Лежащие фигуры допускают высочайший взлет эффектов контрапоста, поскольку здесь члены тела с их противоборствующими движениями могут быть сдвинуты вплотную друг к другу. Однако содержание фигур не исчерпывается формальной проблематикой: чрезвычайно звучен здесь также и момент чисто природный. Усталый человек, у которого сами собой расслабляются все члены, является трогательным изображением «Вечера», но одновременно, как кажется, — и заката жизни, а где можно встретить более убедительное, чем здесь, изображение тяжкого утреннего пробуждения?

Разумеется, во всех этих фигурах живет уже иное ощущение. Микеланджело более не восходит до свободного радостного дыхания «Сикстинской капеллы». Все движения жестче и тяжелее: тела довлеют, как горные кряжи, и кажется, лишь с трудом, неравномерно способна их пронизать воля.

137. Микеланджело. Утро. (Аврора). Флоренция. Капелла Сан Лоренцо
138. Микеланджело. Полдень. Флоренция. Капелла Сан Лоренцо
139. Микеланджело. Вечер. Флоренция. Капелла Сан Лоренцо
140. Микеланджело. Ночь. Флоренция. Капелла Сан Лоренцо
141. Нил. Античный мастер. Рим. Капитолийский музей

Фигуры покойных даны в виде сидящих статуй. Гробница должна не воспроизводить умиротворенное изображение умершего, но являться памятником живому. К такому представлению подводила уже выполненная Поллайоло гробница Иннокентия VIII в соборе св. Петра, хотя и там благословляющая фигура папы дается не одна, но лишь рядом с лежащим покойником.

У Микеланджело здесь — две фигуры военачальников. Может показаться необычным, что он тем не менее избрал в качестве мотива сидячее положение, причем в свободной позе, где сказывается значительное личностное начало: у одного из них это глубокая погруженность в размышления, у другого — мгновенно бросаемый вбок взгляд. Ни одному не придана представительная поза. С тех пор, как Вероккьо создавал своего Коллеони, воззрение на благородство переменились, и образ сидящего военачальника был впоследствии избран даже для такого великого полководца, как Джованни делле Банде Нере (Флоренция, перед Сан Лоренцо).

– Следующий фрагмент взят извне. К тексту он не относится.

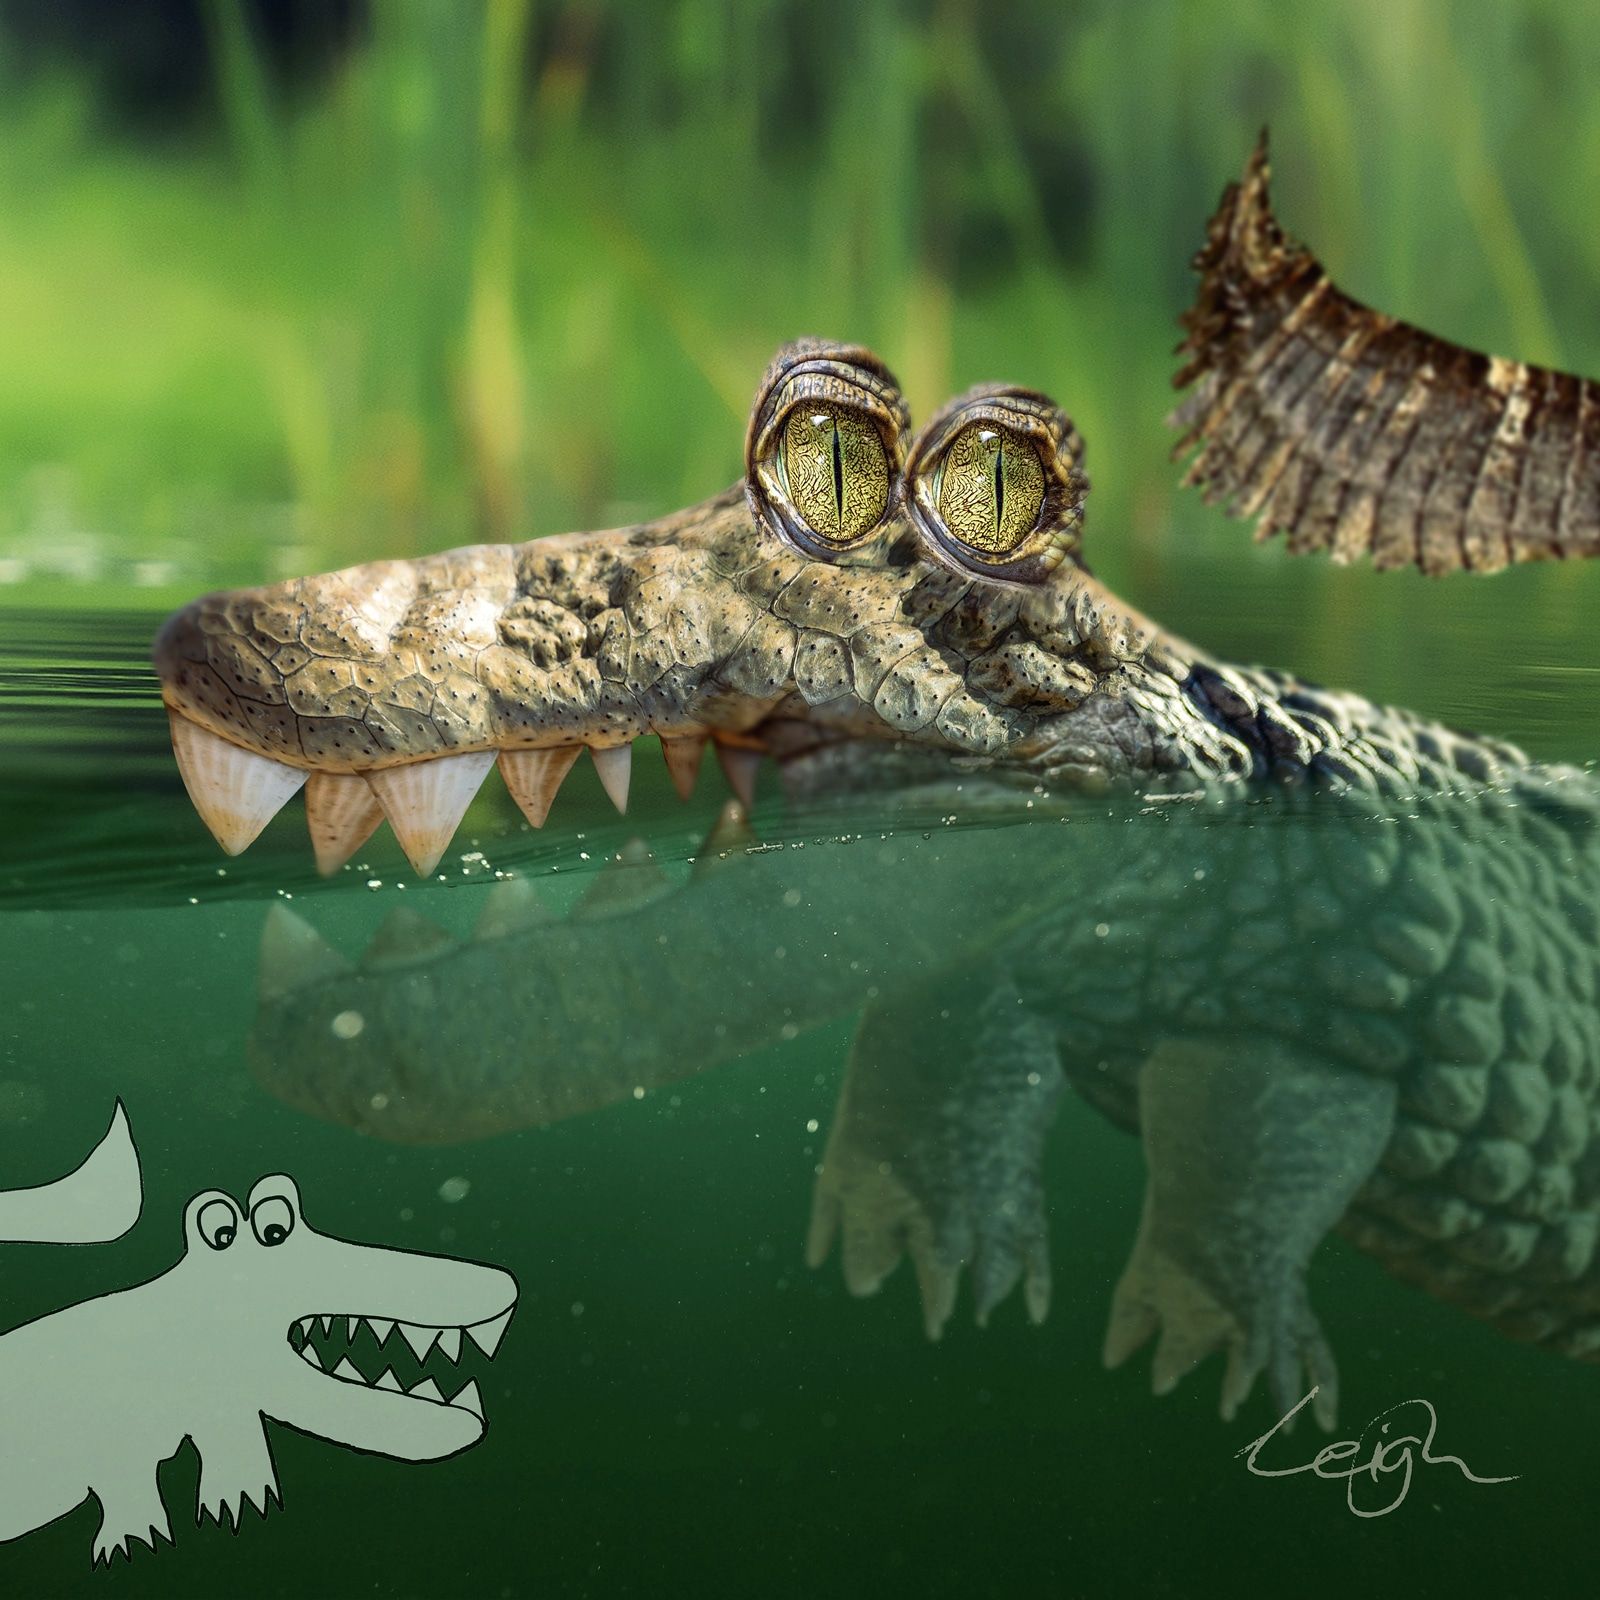 I photoshopped a drawing of a crocodile

Интересна здесь сама трактовка сидящих фигур, если сопоставить с ней многие другие, более ранние решения этой задачи, данные самим Микеланджело. Один сближается с Иеремией со сводов Сикстинской капеллы, другой — с Моисеем. Однако в обоих произведены характерные изменения, направленные на обогащение. У Джулиано (с маршальским жезлом) следует обратить внимание на дифференцирование коленей и неодинаковое положение плеч. По этим образцам предстоит отныне измеряться пластическому содержанию всех сидящих фигур, и уже скоро не будет видно конца навязчивым усилиям сделать произведение поинтереснее при помощи разворота плеч, поставленной на возвышение ноги и свернутой набок головы, причем все это неизбежно за счет содержания.

Микеланджело не пожелал придать фигурам покойных личностные характеристики и не принялся за воспроизведение портретных черт. Идеальны также и их костюмы. Ни одной надписи, разъясняющей смысл памятника. Видимо, здесь имелась вполне однозначная воля, поскольку и на гробнице Юлия никаких подписей нет.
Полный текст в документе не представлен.